• [WORK ORDER] Among the entries below, only the lines from the one with "This is a 2-page" through the one with "Skechers Women Pink" are wanted, reproduced exactly. Pictures are not wanted.

(PROVIDED DATA Opens)

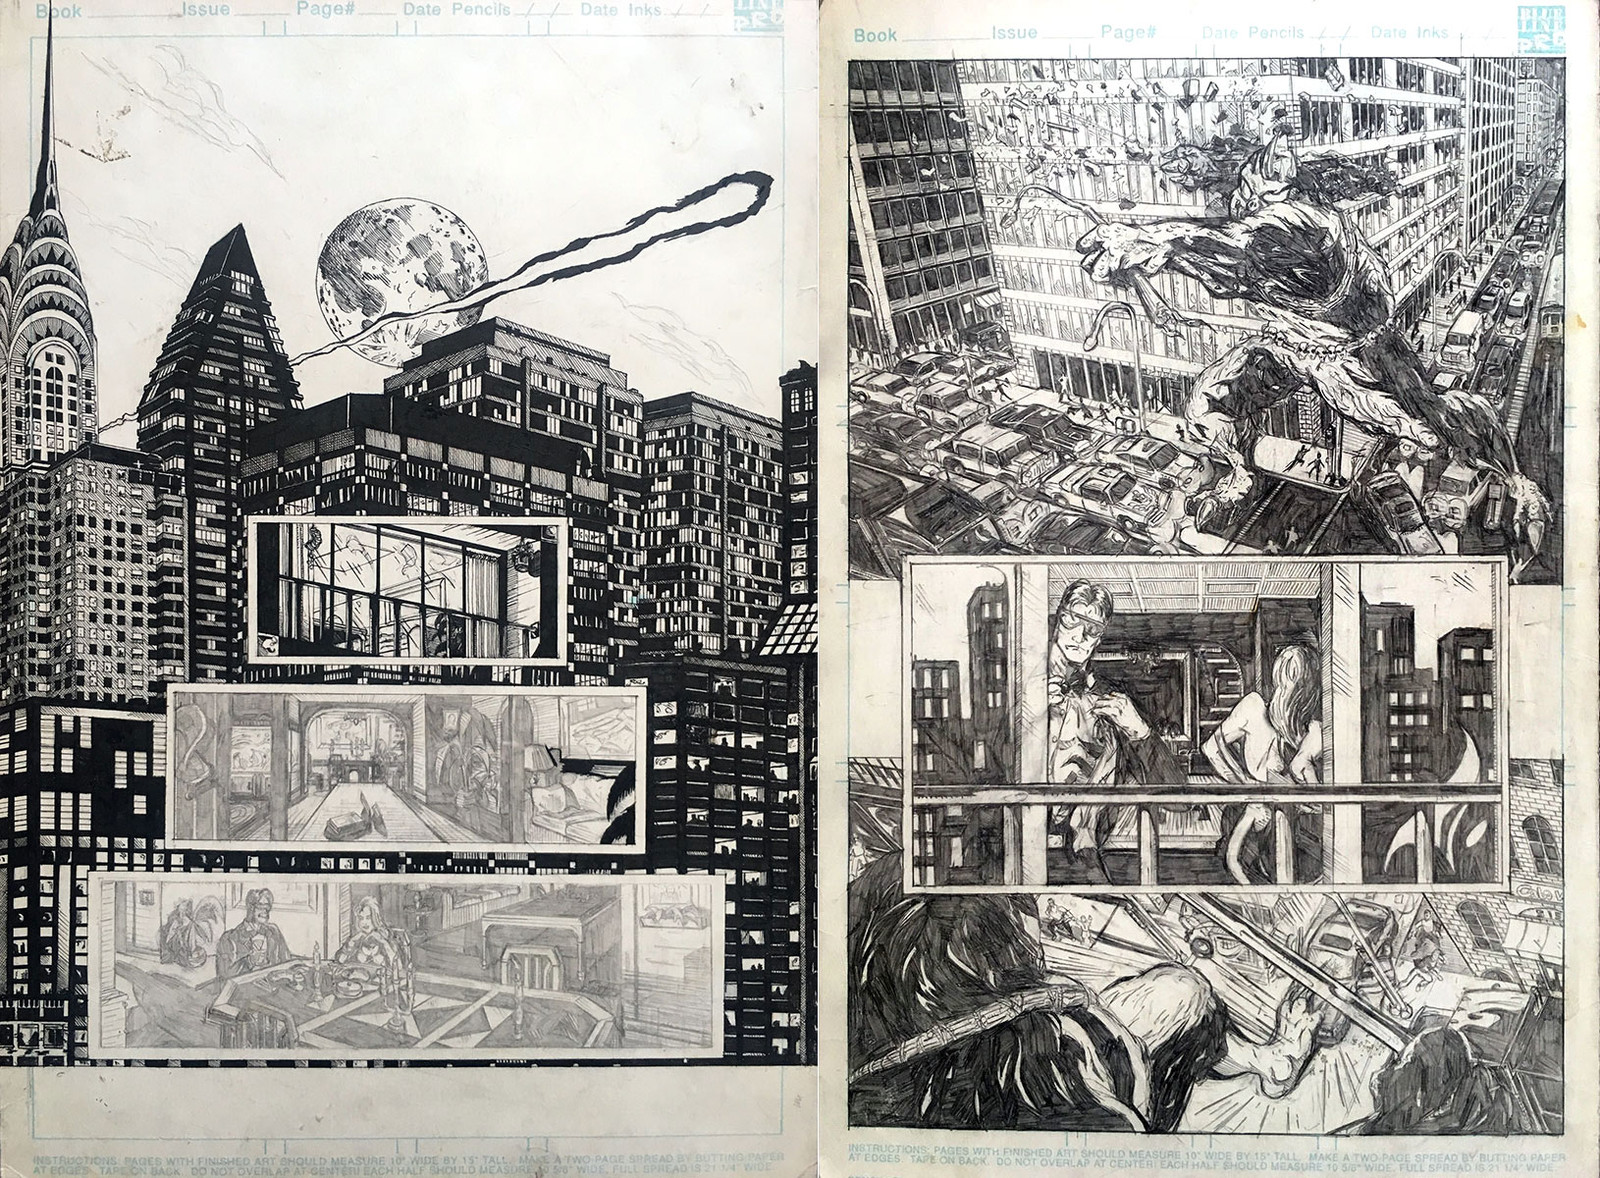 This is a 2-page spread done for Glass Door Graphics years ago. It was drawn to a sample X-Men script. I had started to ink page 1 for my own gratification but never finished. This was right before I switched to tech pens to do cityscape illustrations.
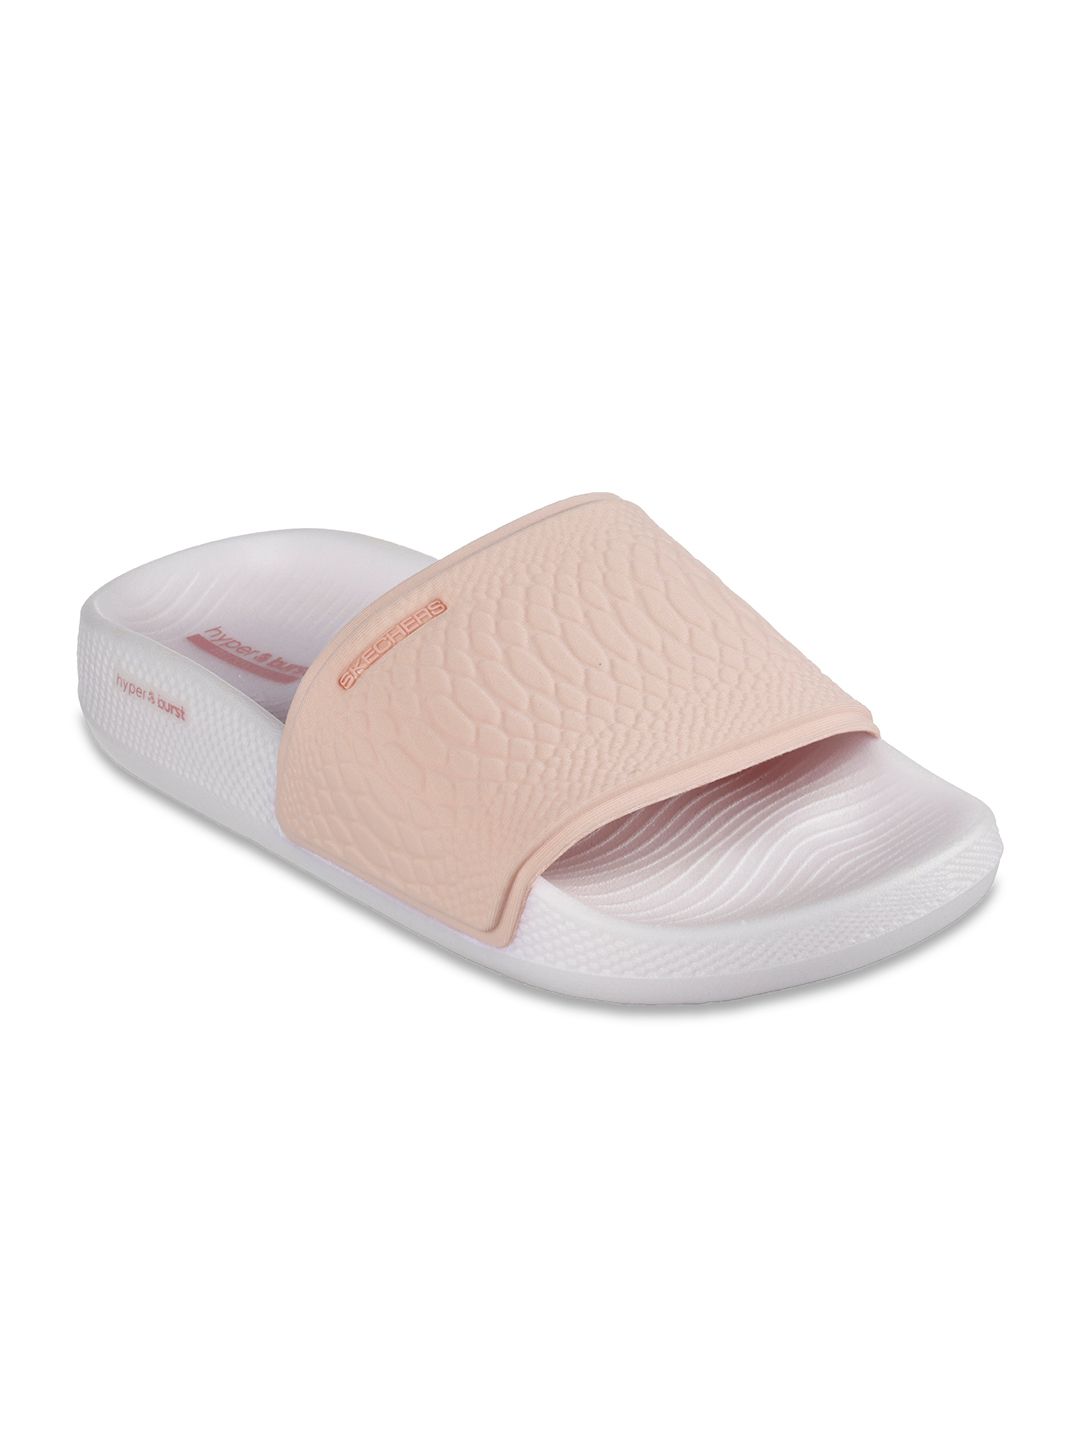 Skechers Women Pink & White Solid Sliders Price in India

(PROVIDED DATA Closes)
(PROVIDED DATA Opens)

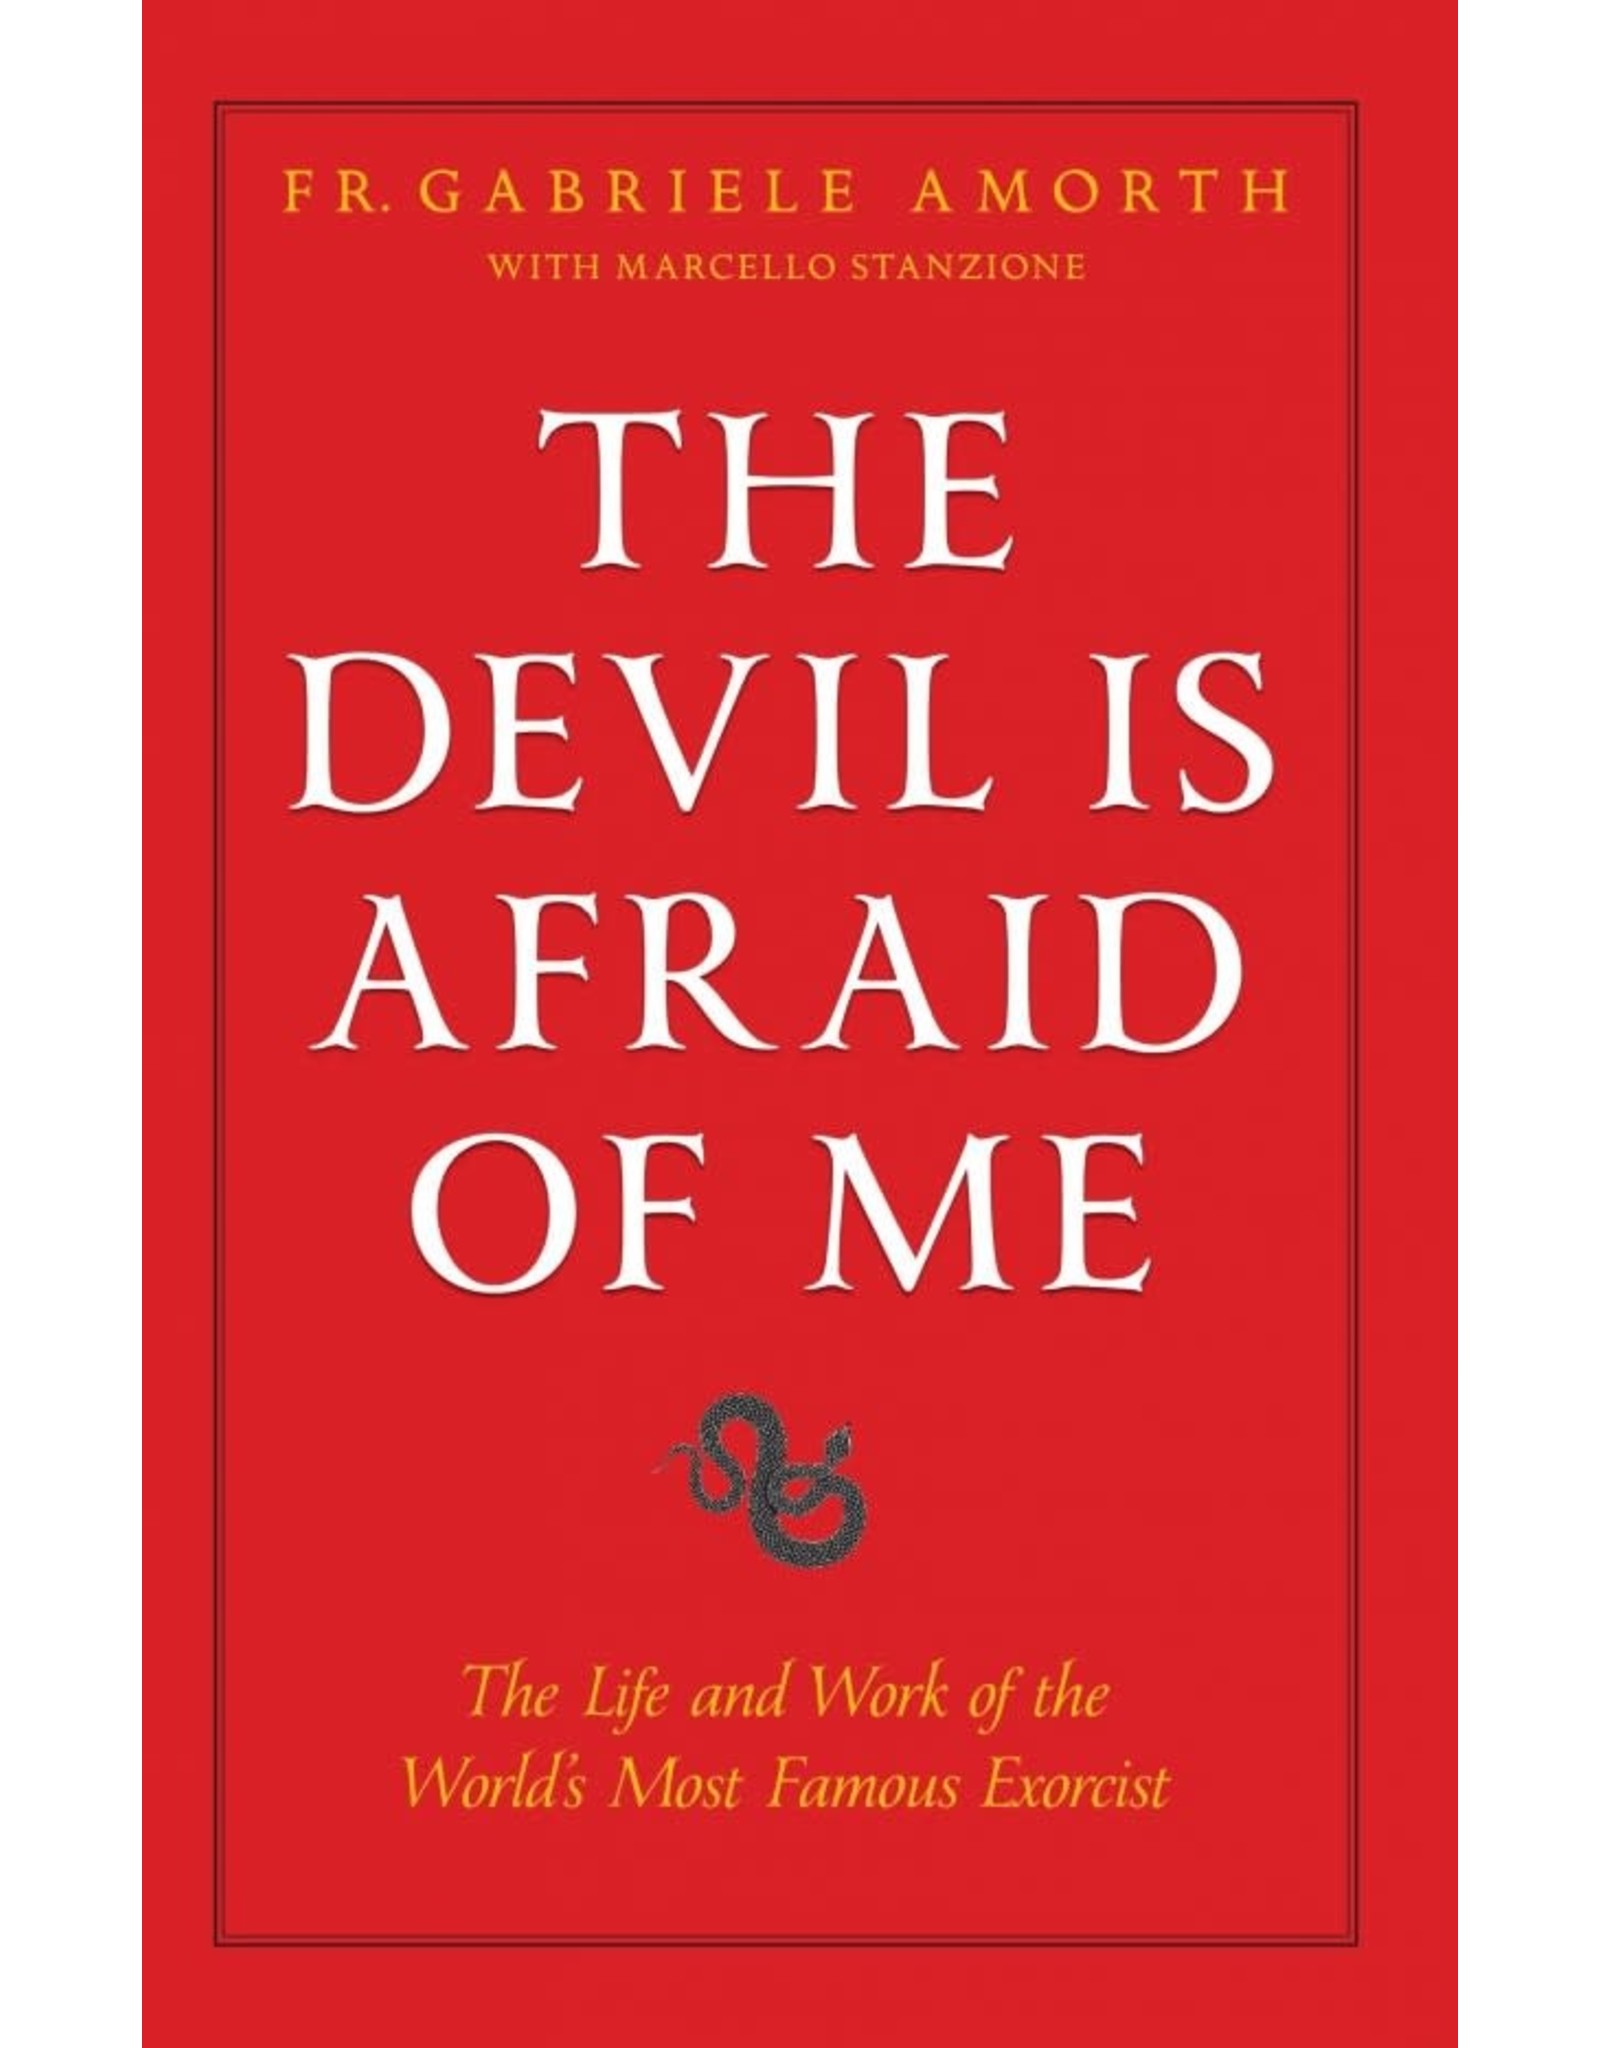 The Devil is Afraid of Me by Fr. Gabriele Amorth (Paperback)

(PROVIDED DATA Closes)

• [COMPLETED TASK]
 This is a 2-page spread done for Glass Door Graphics years ago. It was drawn to a sample X-Men script. I had started to ink page 1 for my own gratification but never finished. This was right before I switched to tech pens to do cityscape illustrations.
 Skechers Women Pink & White Solid Sliders Price in India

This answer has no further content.